Five years past the publication of Boyd's articles and I believe that we are now creating a personal brand for ourselves, not just an identity.  I feel that personal branding is taking the social networking identity a step further.  Our Facebook profile pictures match our Twitter icons, which matches the header on your Tumblr too.  There would be a matching YouTube channel and corresponding Spotify account for media.  We have social media packages, all bundled with matching accounts, avatars, and passwords.  Teens today are taking social media as we know it and stretching it way further than we had imagined.  They want to famous on the Internet; a phenomenon we have never seen until recently.

While I am still very involved in social networking and the internet, I don't feel the need to be so deeply engrossed in personal branding as when I was younger.  Boyd (2007) describes how teens used a small loophole to customize their Myspace pages with their own code and photos.  I think I am past that stage of my life and into the phase where social networking has taken on a more utilitarian purpose in my life.  If the site doesn't offer a service that I can't live with out, then forget about it! 

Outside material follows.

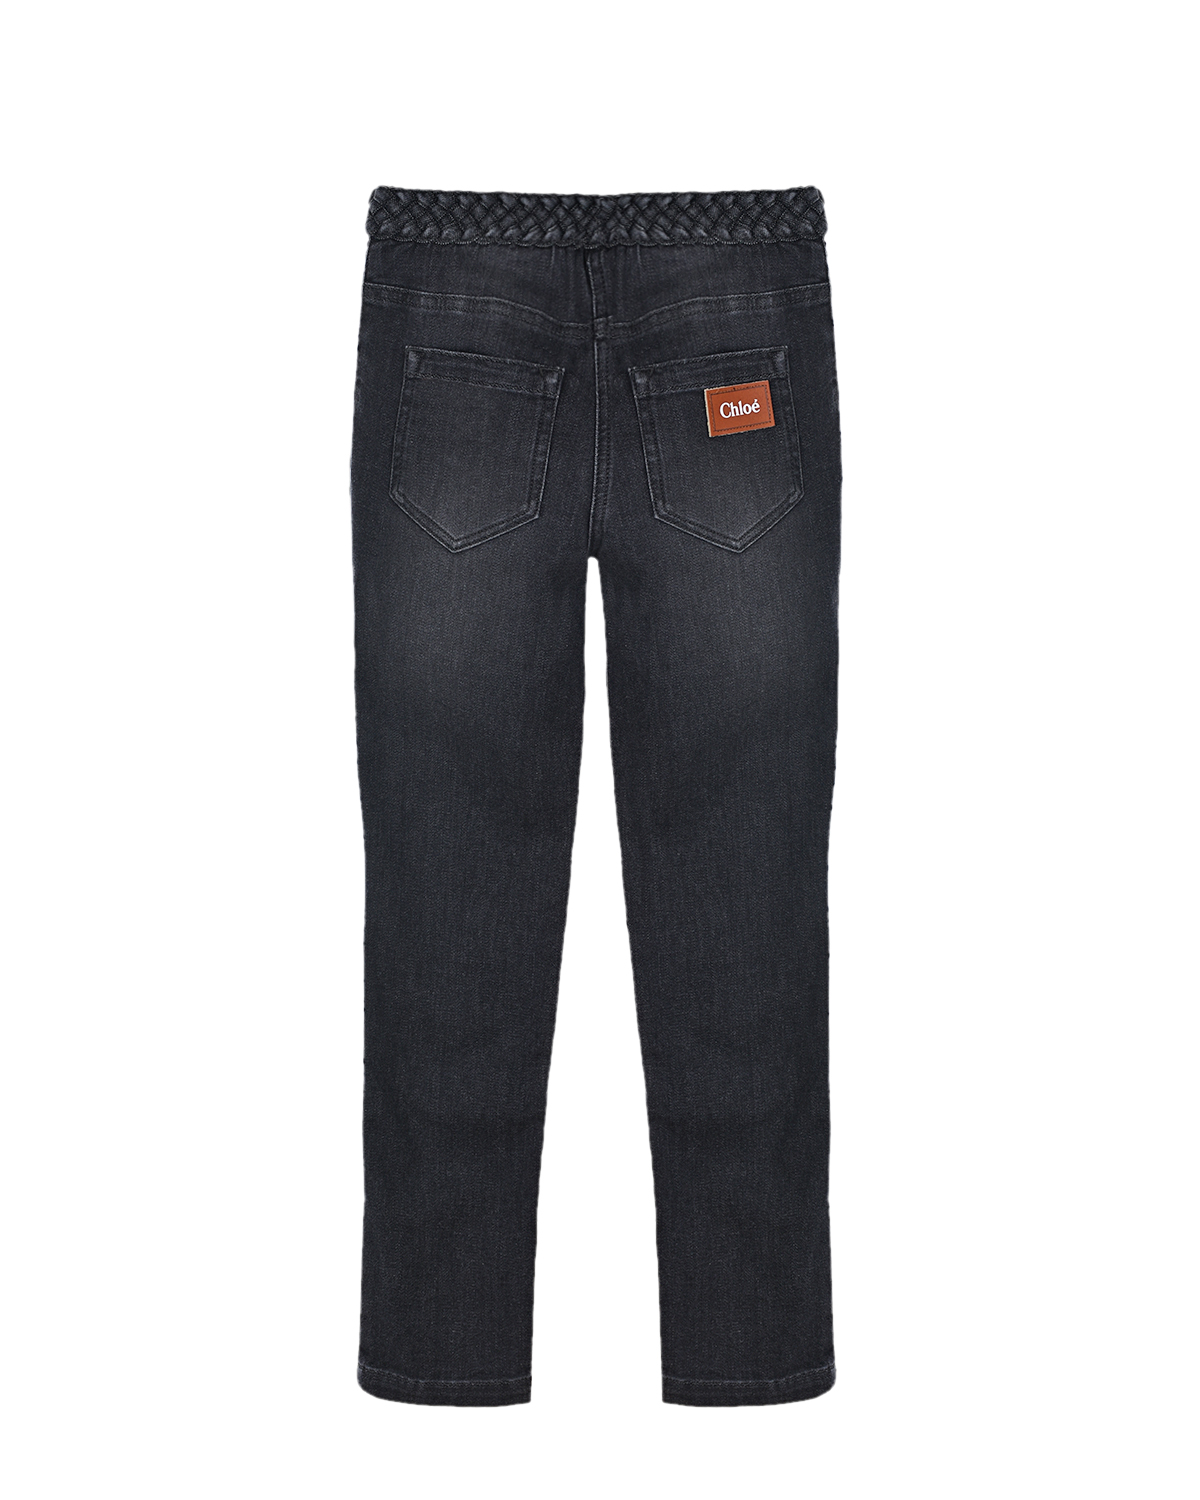 Черные джинсы с плетеным поясом Chloe детские, размер 128, цвет черный - фото 2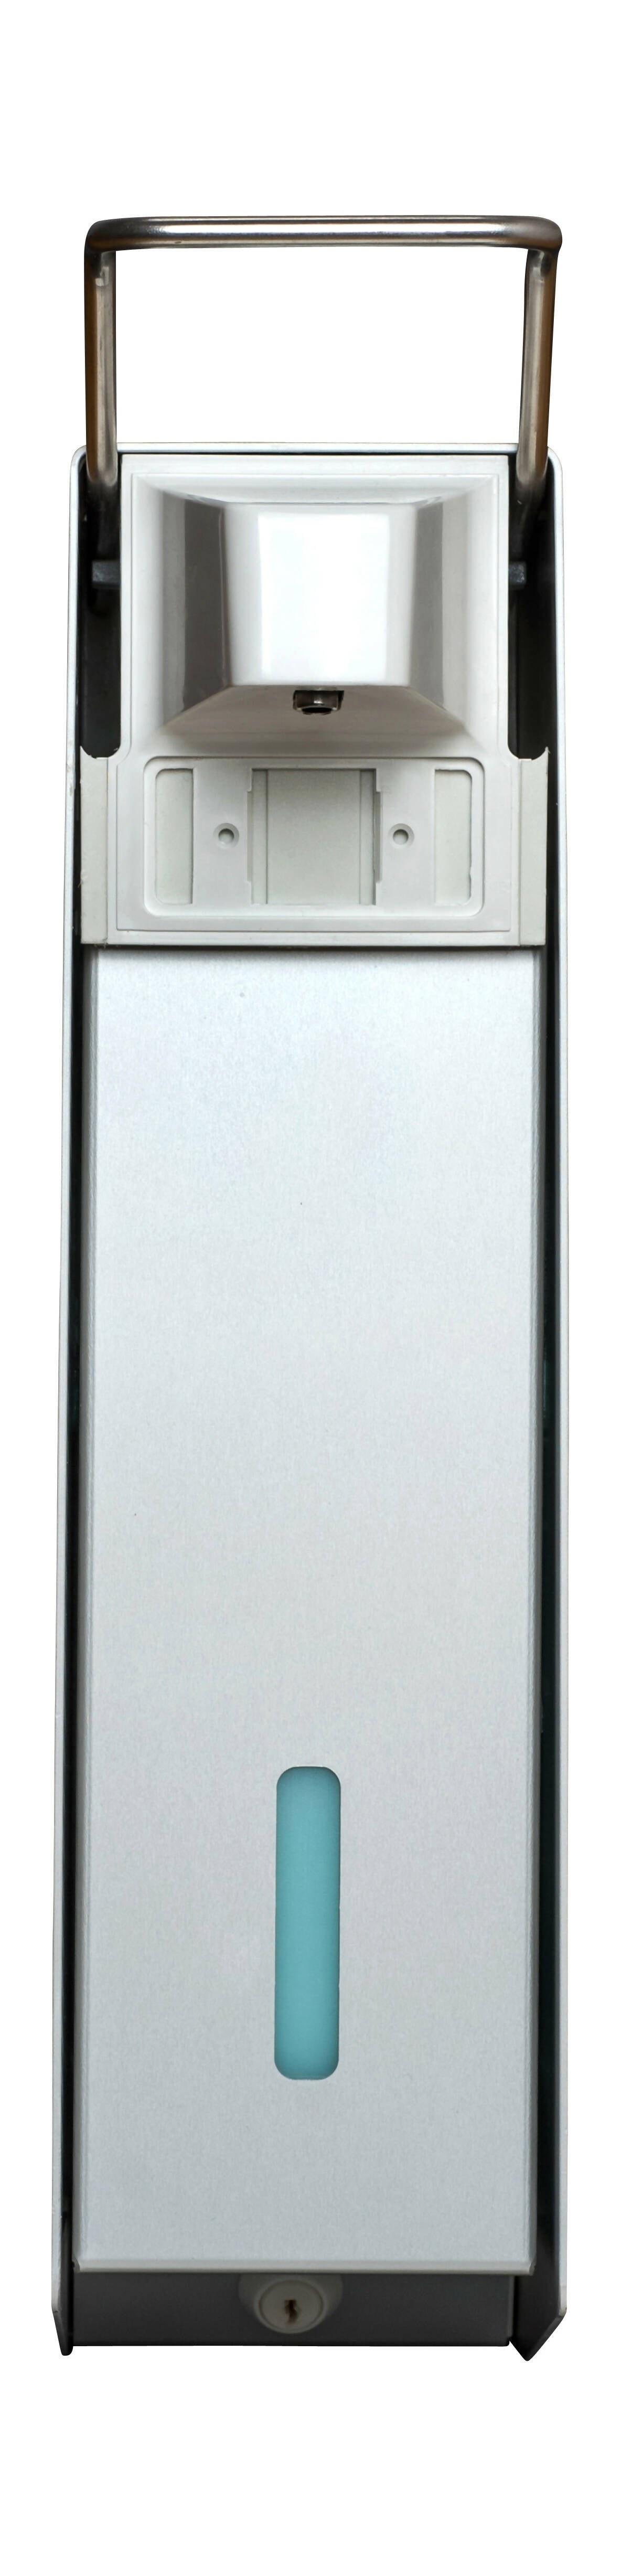 SORIFA - 5er-Set - Robuster, ergonomischer, abschließbarer Wandspender aus Metall für 2,5L-Flasche der Marke SORIFA - Für Gele und Flüssigseifen. - 0

Here are the sites I use and their corresponding uses:
Facebook = connect to friends/ spy on people from my past (haha)
Pinterest = remember recipes, crafts, and clothing I want to purchase
Tumblr = follow really fashionable girls and steal their looks
Twitter = follow some really amazing Ed Tech superstars and hear about all the trends
Instagram = share photos and see what everyone else is doing with photos
Blogger = school work!

I think my social network quota is pretty full at this point!  My identity is shaped well enough thank you very much!

Boyd, D. (2007). “Why youth love social network sites: The Role of Networked Publics in Teenage Social Life." Youth, Identity, and Digital Media. Edited by David Buckingham. The John D. and Catherine T. MacArthur Foundation

Boyd, D. & Hargittai, E. (2010). "Facebook privacy settings: Who cares?"
First Monday, Volume 15, Number 8 - 2 August 2010

Instructional Computing II Journal 1: Perceptions

How do we perceive ourselves (and others) in the real and digital worlds in which we live? 

How we perceive ourselves in the digital world greatly depends on how we present ourselves.  I think that we judge others the way we judge ourselves in a sense. I like to think that what you see is what you get with me in the real world and the digital world but I am not so sure that is true.  I am much more brave, sillier, colorful, less inhibited digitally than in real life.  However, I am extremely careful of the way that I "carry" myself online because you never know who is watching you or judging.

I believe that I am much more quick to judge someone online based off something they put onto the net because I don't see them everyday.  For example, if someone from my high school constantly sends me Facebook requests to play Farmville and posts party pictures every weekend I may think less of them.  I don't interact with them every day.  All I know is that they like to party and play games; two things I don't really value.  It may be very judgmental but that's what this generation is: self-obsessed & judgmental. We advertise our lives and pretty much just take pictures to post and prove that we did this or that. 

As I mature, I feel that I must be extremely careful to present myself in a manner that is true to myself but still appropriate and non-offensive when it comes to social networking.  I know that family and prospective employers are looking for the "dirt" so I am certainly not providing them with it!